Date of report (Date of earliest event reported):  February 22, 2010

Commission File Number: 000-52890

UPLIFT NUTRITION, INC.
(Exact name of small business issuer as specified in its charter)


Nevada

 

20-4669109

(State or other jurisdiction of incorporation or organization

 

(I.R.S. Employer Identification No.)

 

 

 

252 W. Cottage Avenue

Sandy, Utah

 


84070

(Address of principal executive offices)

 

(Zip Code)


801-721-4410

(Issuer's telephone number, including area code)



Check the appropriate box below if the Form 8-K filing is intended to simultaneously satisfy the filing obligation of the registrant under any of the following provisions (see General Instruction A.2. below):


[ ] Written communications pursuant to Rule 425 under the Securities Act (17 CFR 230.425)


[ ] Soliciting material pursuant to Rule 14a-12 under the Exchange Act (17 CFR 240.14a-12)


[ ] Pre-commencement communications pursuant to Rule 14d-2(b) under the Exchange Act (17 CFR 240.14d-2(b))


[ ] Pre-commencement communications pursuant to Rule 13e-4(c) under the Exchange Act (17 CFR 240.13e-4(c))


ITEM 4.01.  CHANGES IN REGISTRANT’S CERTIFYING ACCOUNTANT.


Sherri Munden of Munden & Associates, LLC, (“Munden & Associates”), independent certified public accountant of Salt Lake City, Utah, audited the balance sheets of the Company as of December 31, 2008 and 2007 and the related statements of operations, stockholders’ equity (deficit), and cash flows for the year ended December 31, 2008 and for the period from inception on March 7, 2005 through December 31, 2008.

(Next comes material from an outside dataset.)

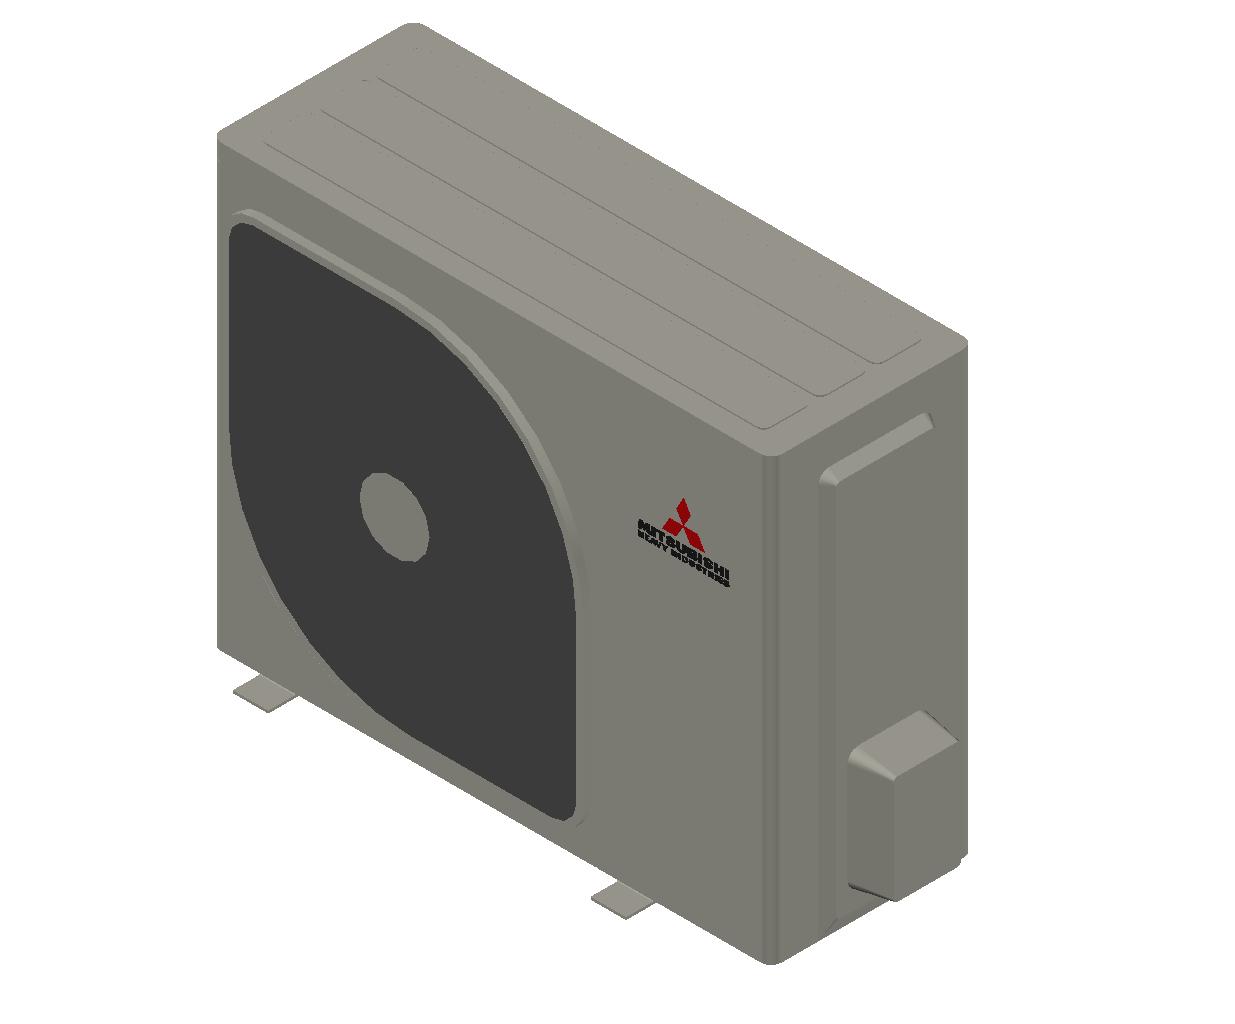 HC_Heat Pump_MEPcontent_Mitsubishi Heavy Industries_PAC-RAC_SRC60ZSX-S_INT-EN.dwg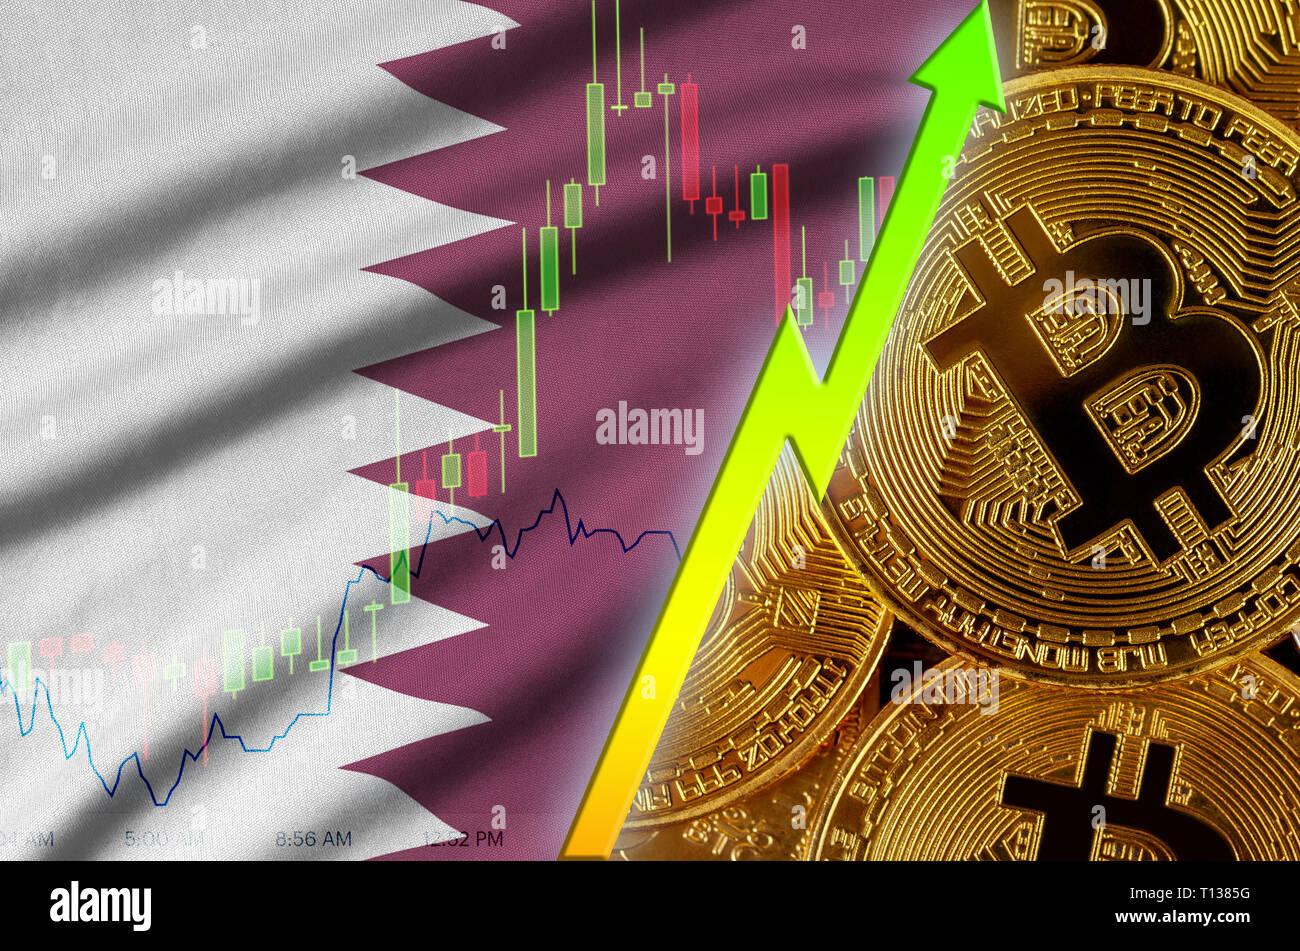 Qatar Waving Flag Stock Photos & Qatar Waving Flag Stock Images - Alamy

During the two years ended December 31, 2008, the subsequent period through September 30, 2009 and through the present, there have been no disagreements between the Company and Munden & Associates, whether resolved or not resolved, on any matter of accounting principles or practices, financial statement disclosure or auditing scope or procedure, which, if not resolved, would have caused her to make reference to the subject matter of the disagreement in connection with her reports.  


During the two years ended December 31, 2008 and during the subsequent period through September 30, 2009, the reports of Munden & Associates, did not contain any adverse opinion or disclaimer of opinion and were not qualified or modified as to audit scope or accounting principles. However, the reports of Munden & Associates, expressed that there was substantial doubt about the Company’s ability to continue as a going concern.  In a letter dated March 31, 2009,  Munden & Associates, LLC advised management of several material weaknesses and a significant deficiency that indicate a lack of internal controls necessary to develop reliable financial statements.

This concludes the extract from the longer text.